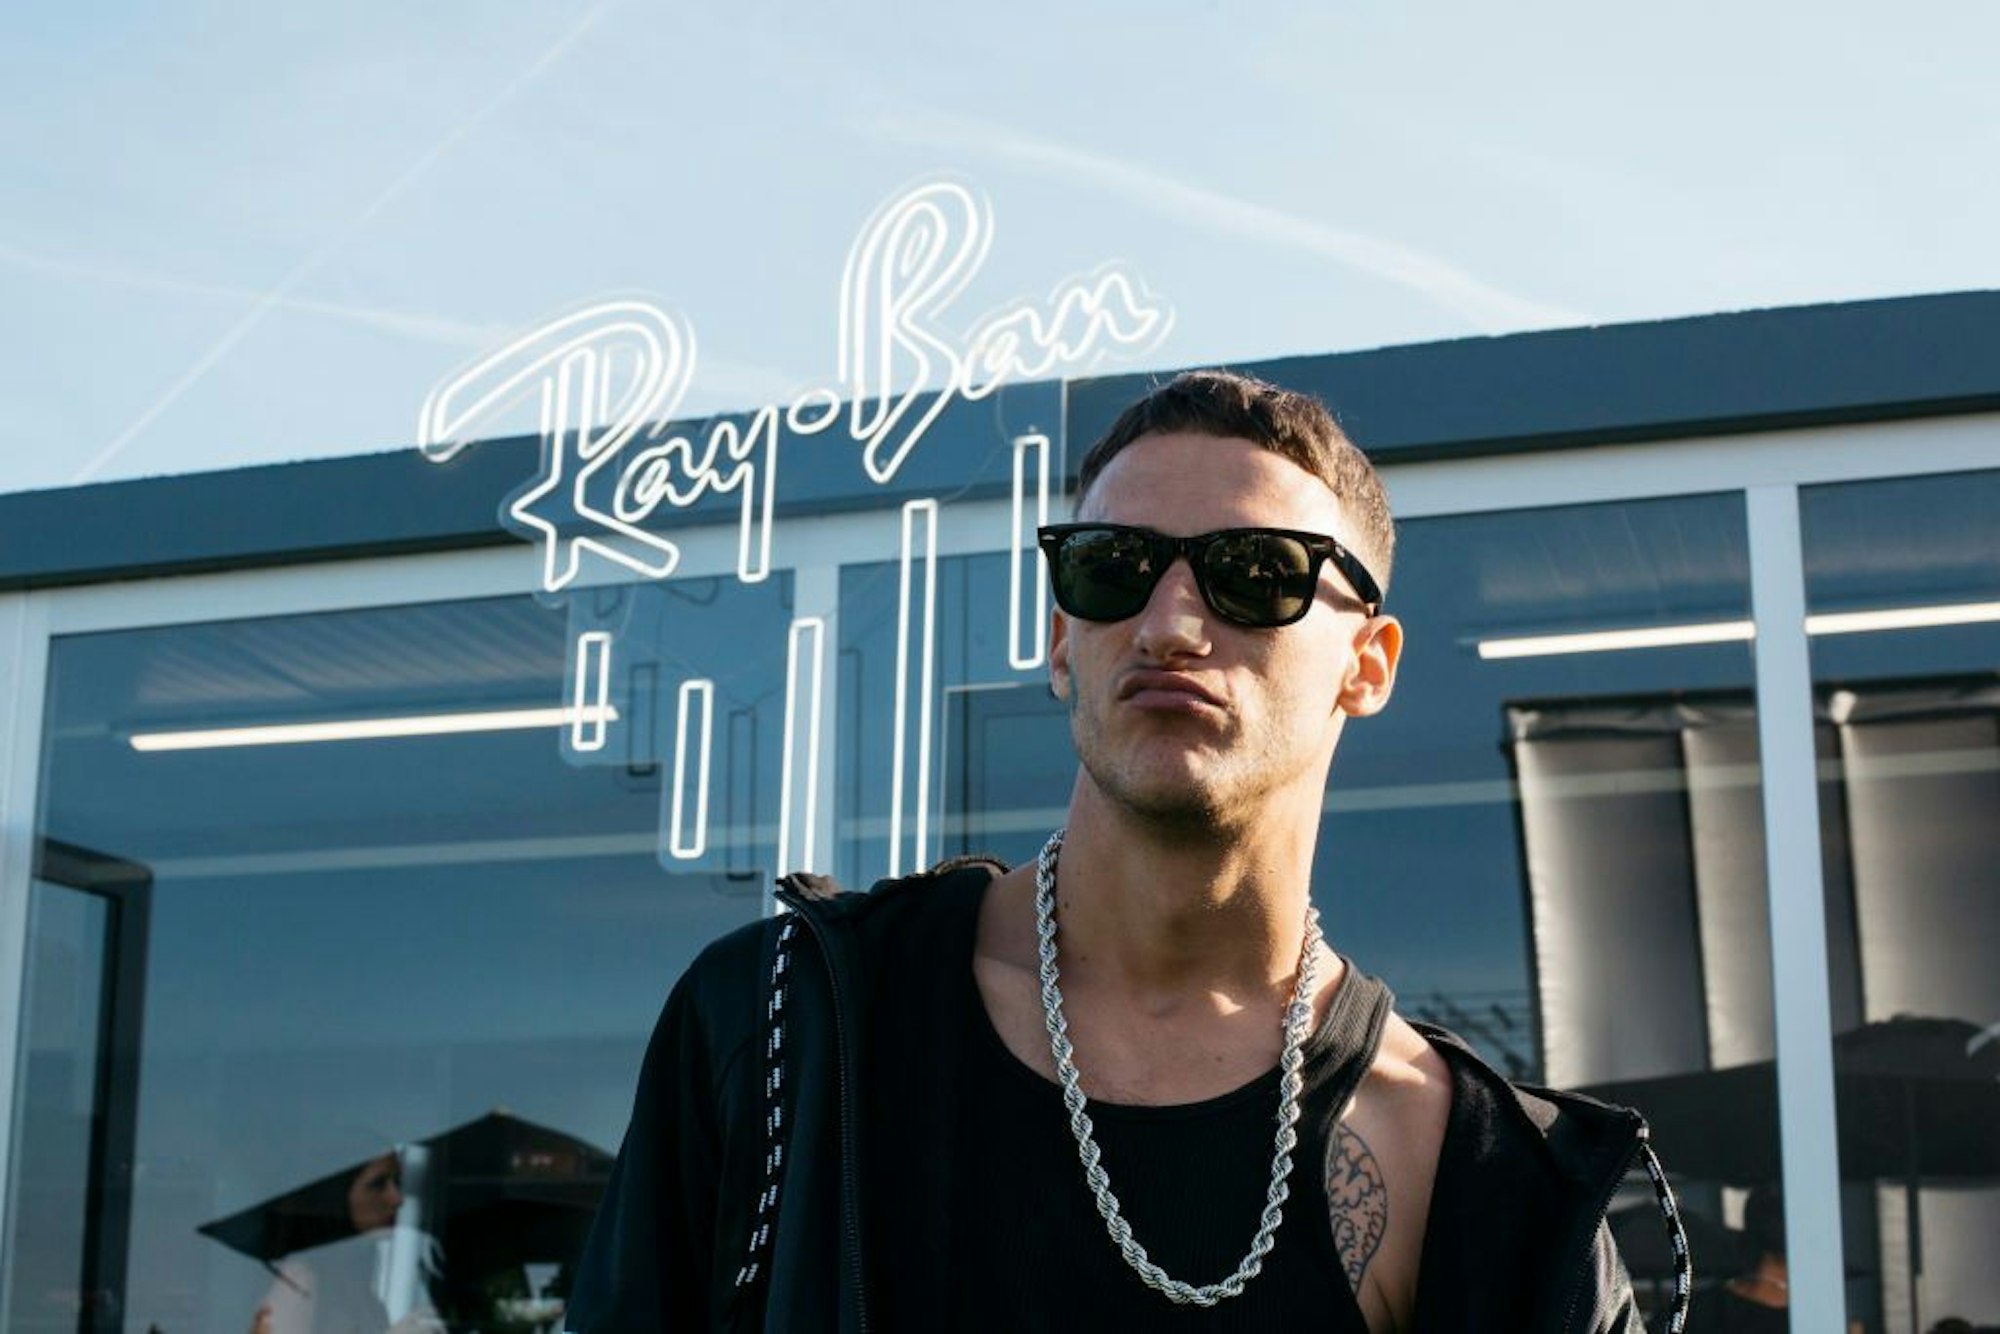 MADRID, SPAIN - MAY 30: In this handout photo provided by Ray-Ban,  Yung Beef attends Ray-Ban suite at Primavera Sound Festival Motel on May 30, 2019 in Madrid, Spain. (Photo by Sergio Albert/Ray-Ban via Getty Images)
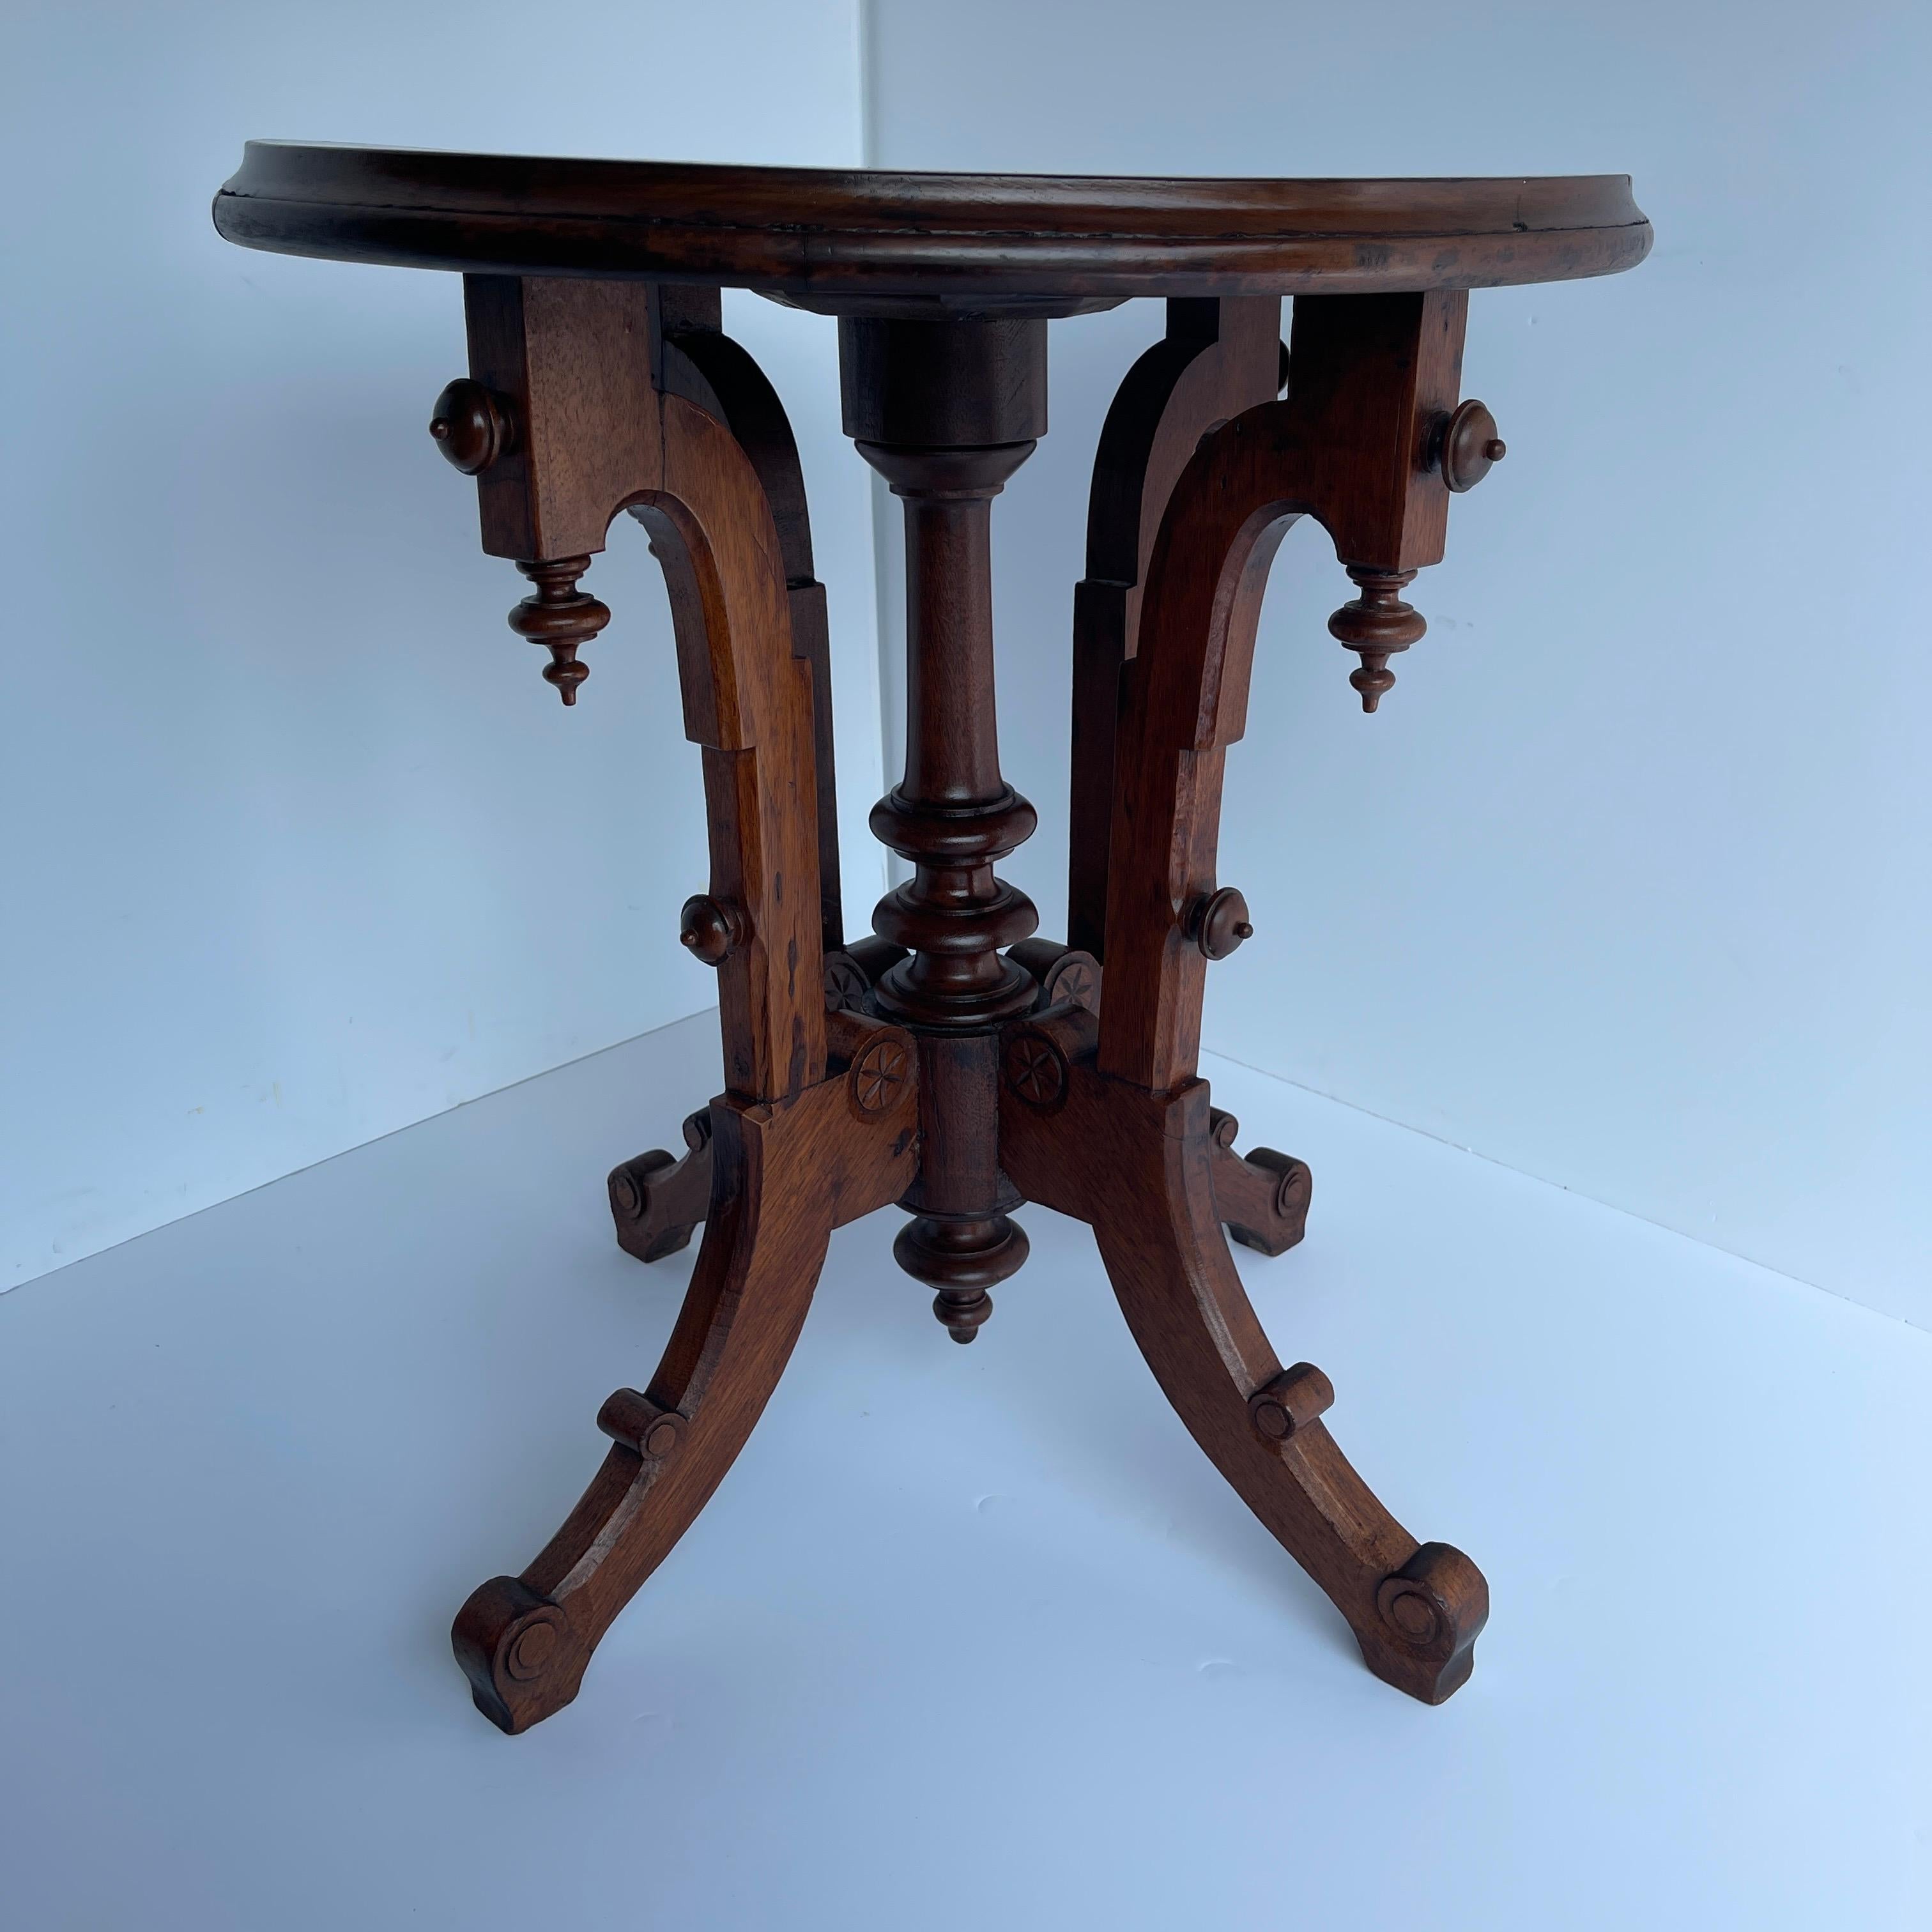 Late 19th century Gothic style round occasional side table.
Beautiful rich wood with ornately carved decorated sides, the curved legs hold this table in many settings or rooms of your home. Tall and perfectly suited beside a sofa as well as next to

(What you are asked to do) Leaving the pictures out, transcribe word for word the lines from the one with "Late 19th century" to the end of the material above, inclusive, and nothing else.

(Result of the exercise)
 Late 19th century Gothic style round occasional side table.
Beautiful rich wood with ornately carved decorated sides, the curved legs hold this table in many settings or rooms of your home. Tall and perfectly suited beside a sofa as well as next to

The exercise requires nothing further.